Training a large [[deep learning]] model from scratch requires vast datasets and significant compute. Transfer learning addresses three practical problems:

* '''Data scarcity''': Many real-world tasks have only hundreds or thousands of labelled examples — far too few to train a deep network. A model pre-trained on millions of examples already encodes useful representations that transfer to the small-data task.
* '''Compute cost''': Pre-training [[GPT-4]] or similar models costs tens of millions of dollars in compute. Transfer learning allows the broader community to benefit from that investment by fine-tuning the resulting model at a fraction of the cost.
* '''Time to deployment''': Fine-tuning a pre-trained model to a new task typically takes hours or minutes, compared to weeks or months for training from scratch.
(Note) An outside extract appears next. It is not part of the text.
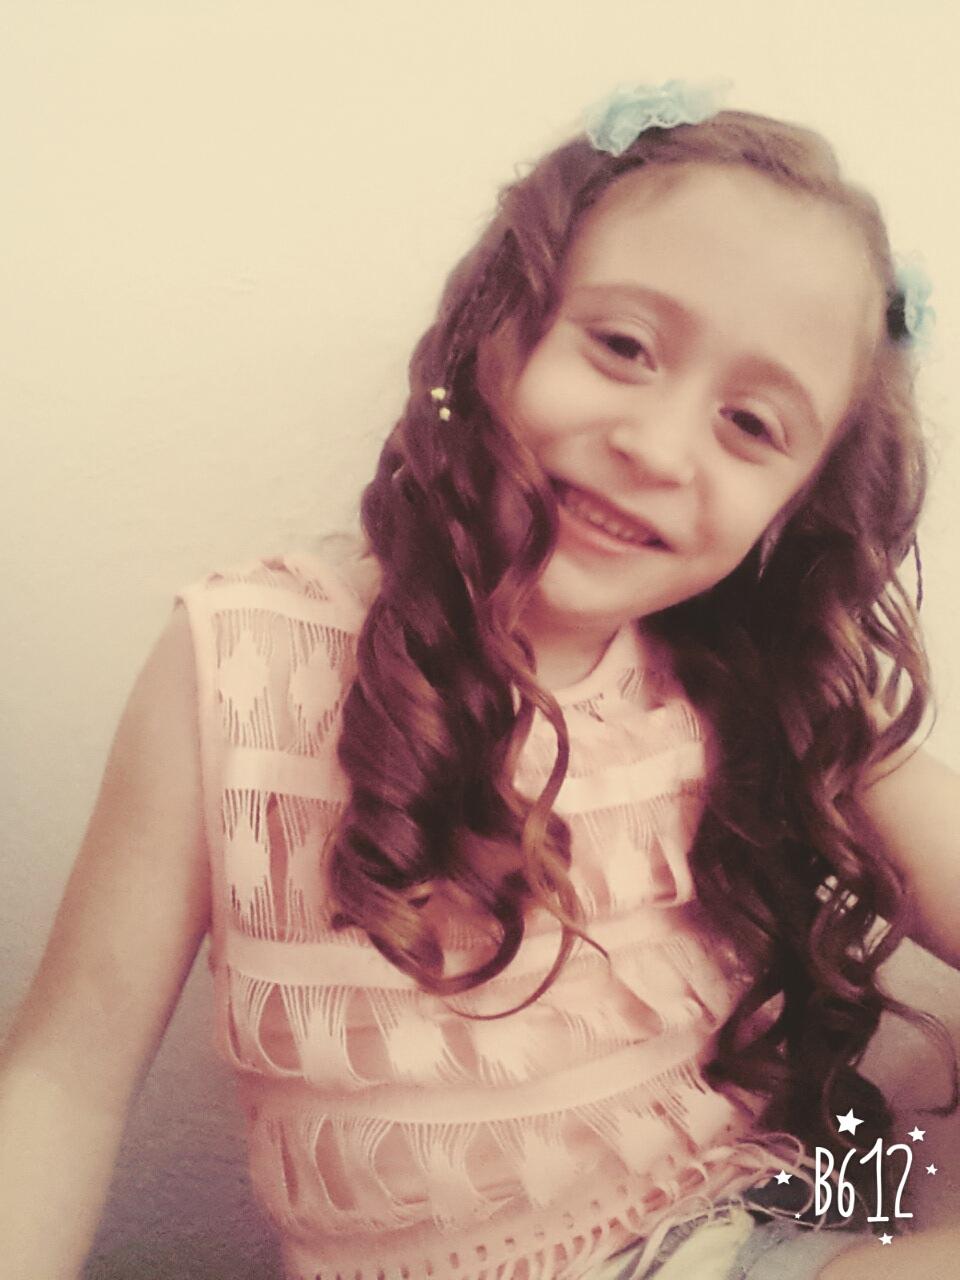 Doğum günün kutlu olsun Belinay Aktay

The theoretical basis rests on the observation that early layers of deep networks learn general-purpose features (edges, textures, syntactic patterns) that transfer across tasks, while later layers specialise to the training objective.<ref>Yosinski, Jason, et al. (2014). "How transferable are features in deep neural networks?" ''NeurIPS 2014''.</ref>

== Methods ==

=== Feature extraction ===

The pre-trained model is used as a fixed '''feature extractor''': its parameters are frozen, and only a small task-specific head (e.g. a linear classifier) is trained on top. This is the simplest form of transfer learning and works well when the target domain is similar to the pre-training domain and the target dataset is small.

=== Fine-tuning ===

All or most of the pre-trained model's parameters are '''unfrozen''' and further trained on the target task with a small learning rate. Fine-tuning adapts the model's representations to the new domain and typically yields better results than feature extraction, especially when the target task differs meaningfully from pre-training.<ref>Howard, Jeremy; Ruder, Sebastian (2018). "Universal Language Model Fine-tuning for Text Classification." ''ACL 2018''.</ref>

Common fine-tuning strategies include:

* '''Full fine-tuning''': update all parameters. Standard for moderate-size models.
* '''Gradual unfreezing''': unfreeze layers progressively from top to bottom, allowing higher-level features to adapt first (introduced by ULMFiT).
* '''Discriminative learning rates''': use smaller learning rates for earlier layers and larger rates for later layers.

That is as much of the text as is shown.